= The DemoKRats =

The DemoKRats (I DemoKRatici, DKR) are a centrist Italian political party, based in Calabria.

The party was founded by Enzo Sculco, a former regional councillor of The Daisy from the province of Crotone (KR, hence the name of the party). DKR was initially launched in 2008 as an internal faction of the Crotone's Democratic Party, however, since 2009 it began to present its own electoral lists, independent from those of PD. In the 2009 provincial election of Crotone DKR scored 8.6% of the vote, resulting the first party in the centre-left coalition in support of the candidate Ubaldo Schifino.

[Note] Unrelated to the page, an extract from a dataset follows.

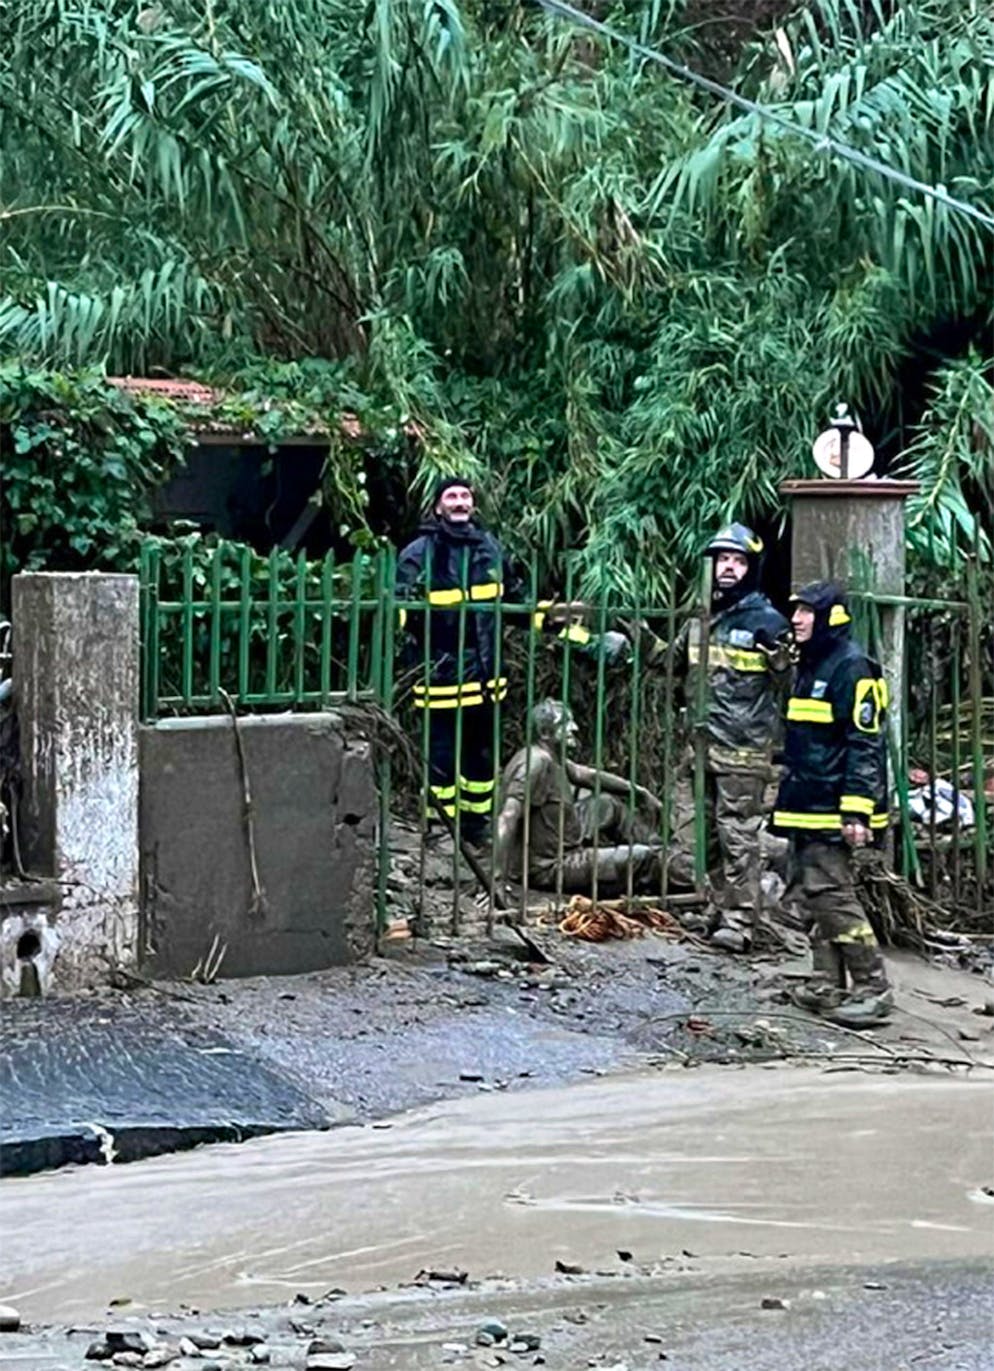 epa10329615 A man affected by the landslide is rescued by firefighters in Casamicciola, Ischia Island, Southern Italy, 26 November 2022. Thirteen people went missing on 26 November after heavy rains caused a landslide on the Italian island of Ischia.  EPA/ANSA ITALY OUT. BEST QUALITY AVAILABE.
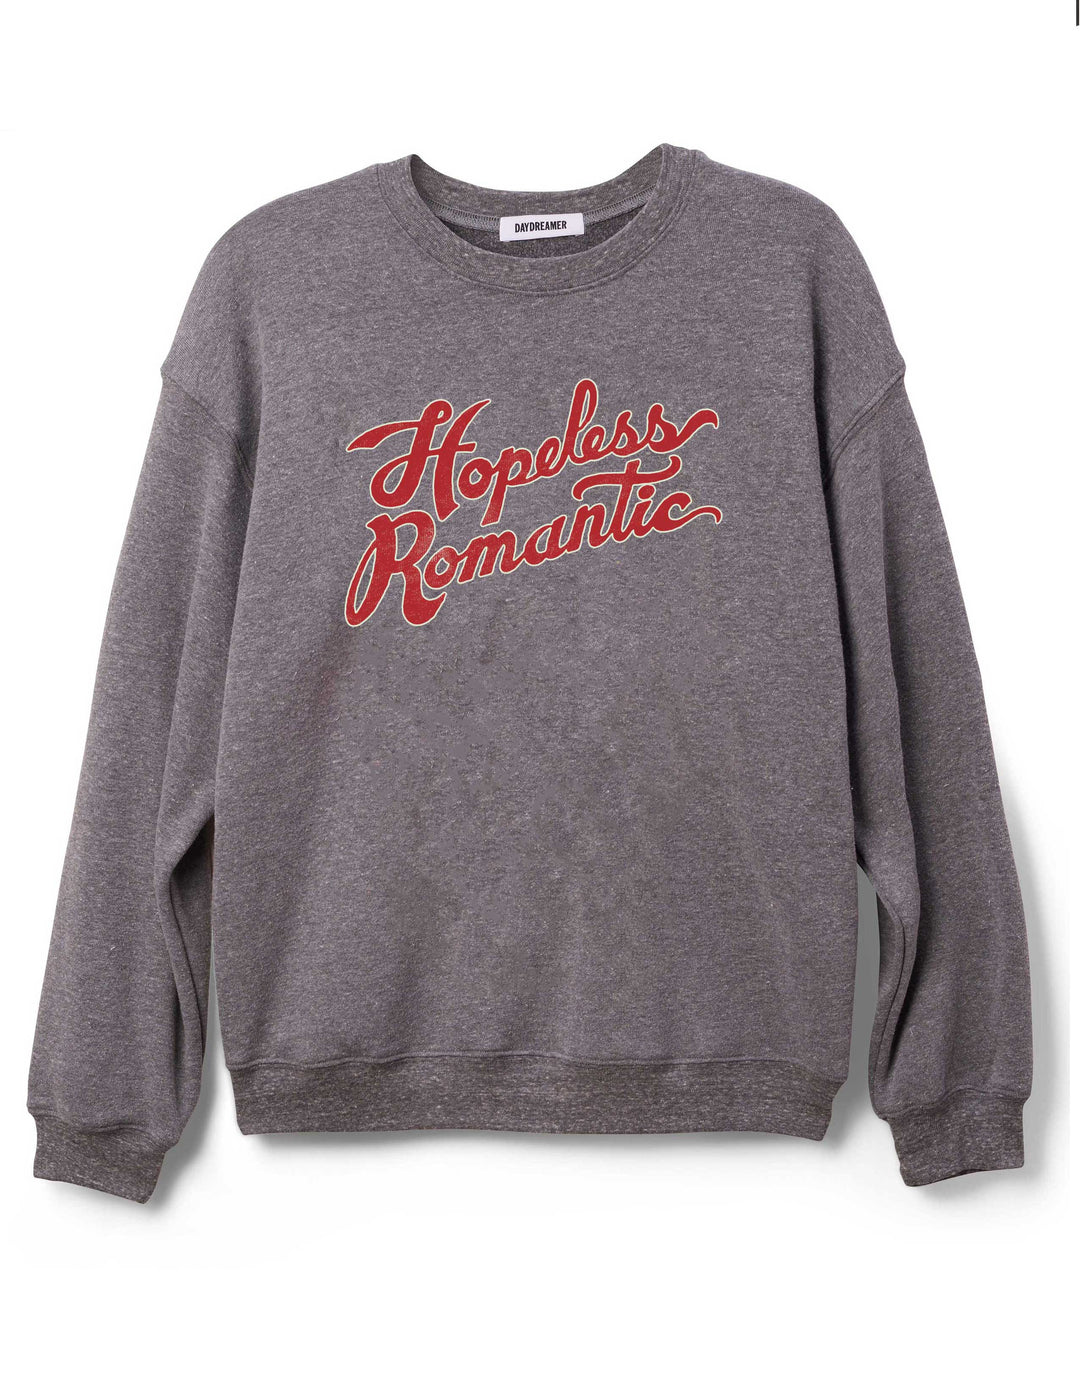 HOPELESS ROMANTIC BF CREW-HEATHER GREY - Kingfisher Road - Online Boutique

In the 2010 regional elections in Calabria, the DKR supported the candidacy of Giuseppe Scopelliti, candidate of the centre-right coalition, while in the 2013 Italian general election the party supported the People of Freedom list. In the 2014 European Parliament election the DKR supported Scopelliti, who had resigned a few months earlier from President of Calabria after his conviction for abuse of power and was running for the New Centre-Right, but he was not elected.

On 1 November 2013, the statute of DKR was approved and it officially became a political association.

In the 2014 regional election the party formed a joint list with the Italian Republican Party, Alliance for Italy, Autonomy South and the Moderates in support of Mario Oliverio, the Democratic candidate for president. The list won 5.2% of the vote (15.4% in Crotone) and Flora Sculco, daughter of Enzo, was elected to the Regional Council.

In the 2020 regional election Flora Sculco was re-elected regional councillor among the rank of the Progressive Democrats.

In July 2021 Enzo and Flora Sculco announce their adhesion to the Union of the Centre and the consequent return to the centre-right coalition.